# Robbery victim fights back, shoots suspect



## Bill Mattocks (Apr 26, 2010)

http://news.cincinnati.com/article/...46/Robbery+victim+fights+back++shoots+suspect



> Three suspects, including at least one armed with a gun, approached a man about 10:30 p.m. in the 3800 block of West Liberty Street in Price Hill and attempted to rob him, police said.
> The victim pulled out and fired his own gun at the suspects, striking and wounding one of them seriously.


----------



## derobec (Apr 26, 2010)

Hi,

I can only applaud the intended victim's actions. Those that choose harming others as a career move need to be awakened to the very real possibility that their chosen line may result in their own demise.

Not sure how this guy will stand, but if he'd responded in such a way here in the UK he would probably be facing several years inside.

Regards,
William


----------



## MJS (Apr 26, 2010)

Another story of the good guys fighting back! :ultracool  2 thumbs up for the good guys!!


----------



## grydth (Apr 26, 2010)

The UK is a wonderful nation, a good friend to us....and needs no guidance from me on how to run things there.

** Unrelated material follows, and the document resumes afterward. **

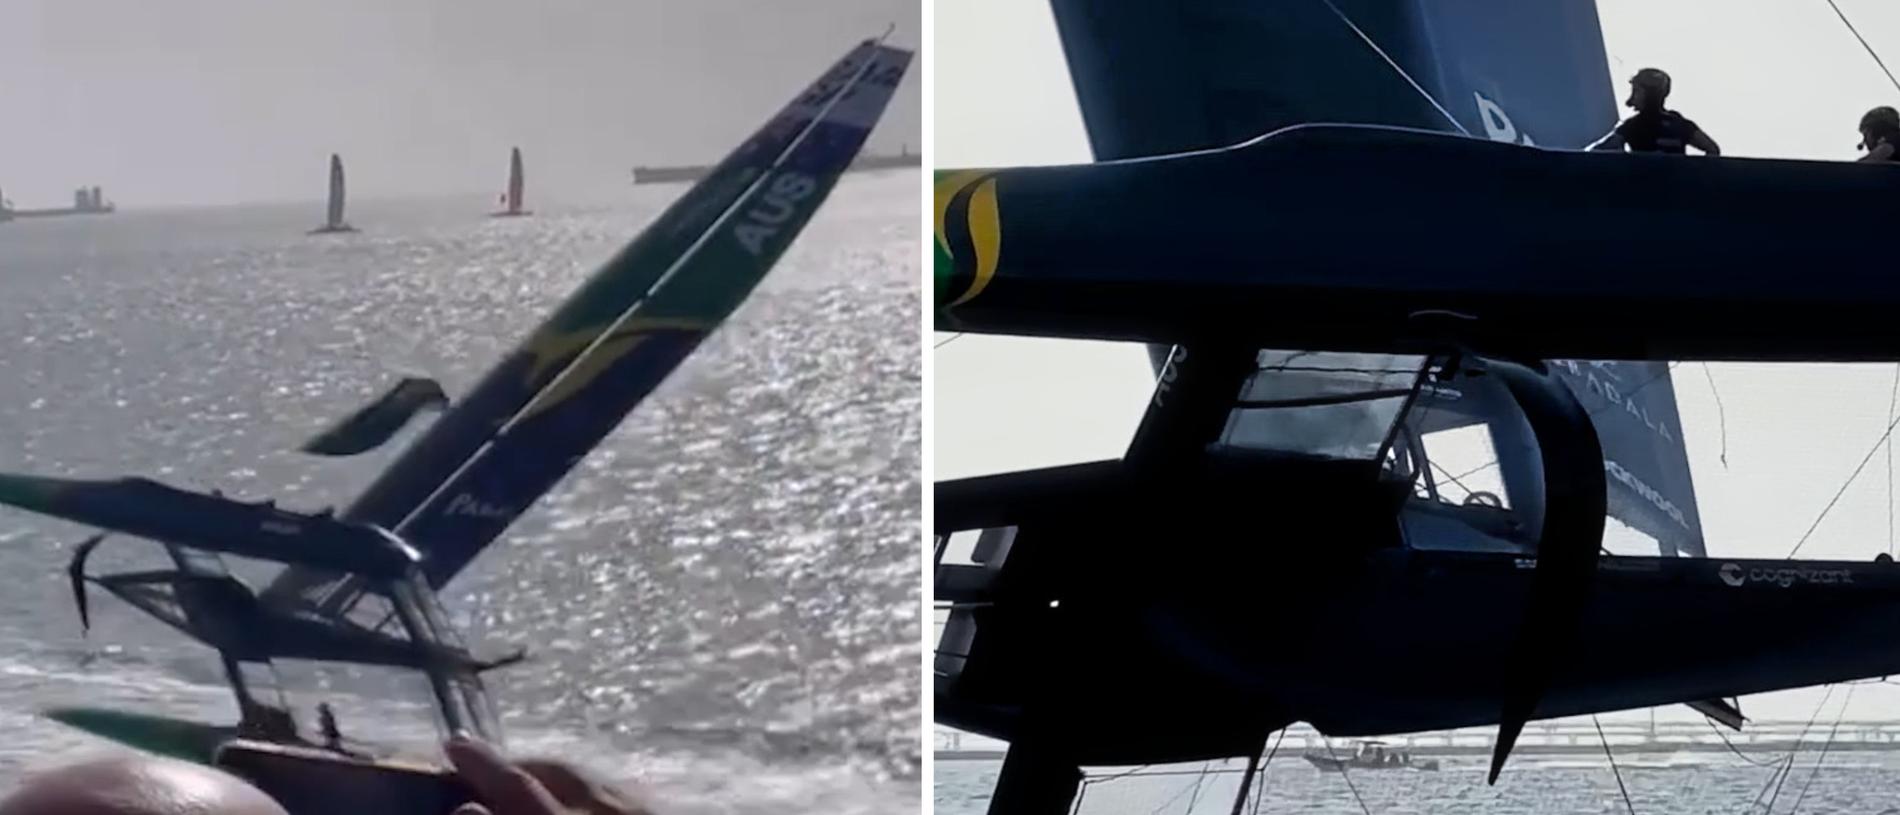 The Flying Roo came close to disaster in a scary SailGP moment.

However, I am glad that I live in the USA where I do not face the awful choice to either: 1) passively accept being robbed and possibly murdered, or 2) face jail for taking necessary measures for defending my own life.


----------



## Sukerkin (Apr 26, 2010)

Diplomatically said, *Grydth* .

I think that *Tez* has been over this ground a couple of times in threads where the subject matter touches on the use of force for self-defence.  The basic tenet is that if it is a degree of force that a reasonable person would consider justified then a person would not be prosecuted for it - tho they may go to civil court if the real villain chooses to try and sue {which is ridiculous in my eyes}.


----------



## grydth (Apr 26, 2010)

Sadly, there are all too many cases in the USA of various bad/stupid/undeserving guys successfully suing in civil courts...


----------



## MJS (Apr 26, 2010)

grydth said:


> Sadly, there are all too many cases in the USA of various bad/stupid/undeserving guys successfully suing in civil courts...


 
Yeah, go figure.  I mean, I dont understand how someone could break into my house, attack me, I defend myself, and this bag of **** sues me.  I hate to say it, but you're almost better making sure they can't sue you.   Then again, the family of the bag of **** can sue you, for wrongful death of their upstanding, son, who was a wonderful, caring father of 3, from 3 different women, was a star basketball palyer in school, but was having issues.  Please.


----------



## KenpoTex (Apr 26, 2010)

glad it turned out the way it did...just wish the guy had been a better shot :ultracool


----------



## Andy Moynihan (Apr 27, 2010)

A glass raised to a failed mission. I'm only sorry for his lack of accuracy.


----------



## Explorer (May 2, 2010)

With regard to being sued in civil court. That cuts both ways. So, I propose the victim preempts any legal action with legal action of his own. I think it would be perfect for the attackers to receive legal summons in their hospital beds.

My 2 cents.

best to all!


----------



## Deaf Smith (May 3, 2010)

grydth said:


> Sadly, there are all too many cases in the USA of various bad/stupid/undeserving guys successfully suing in civil courts...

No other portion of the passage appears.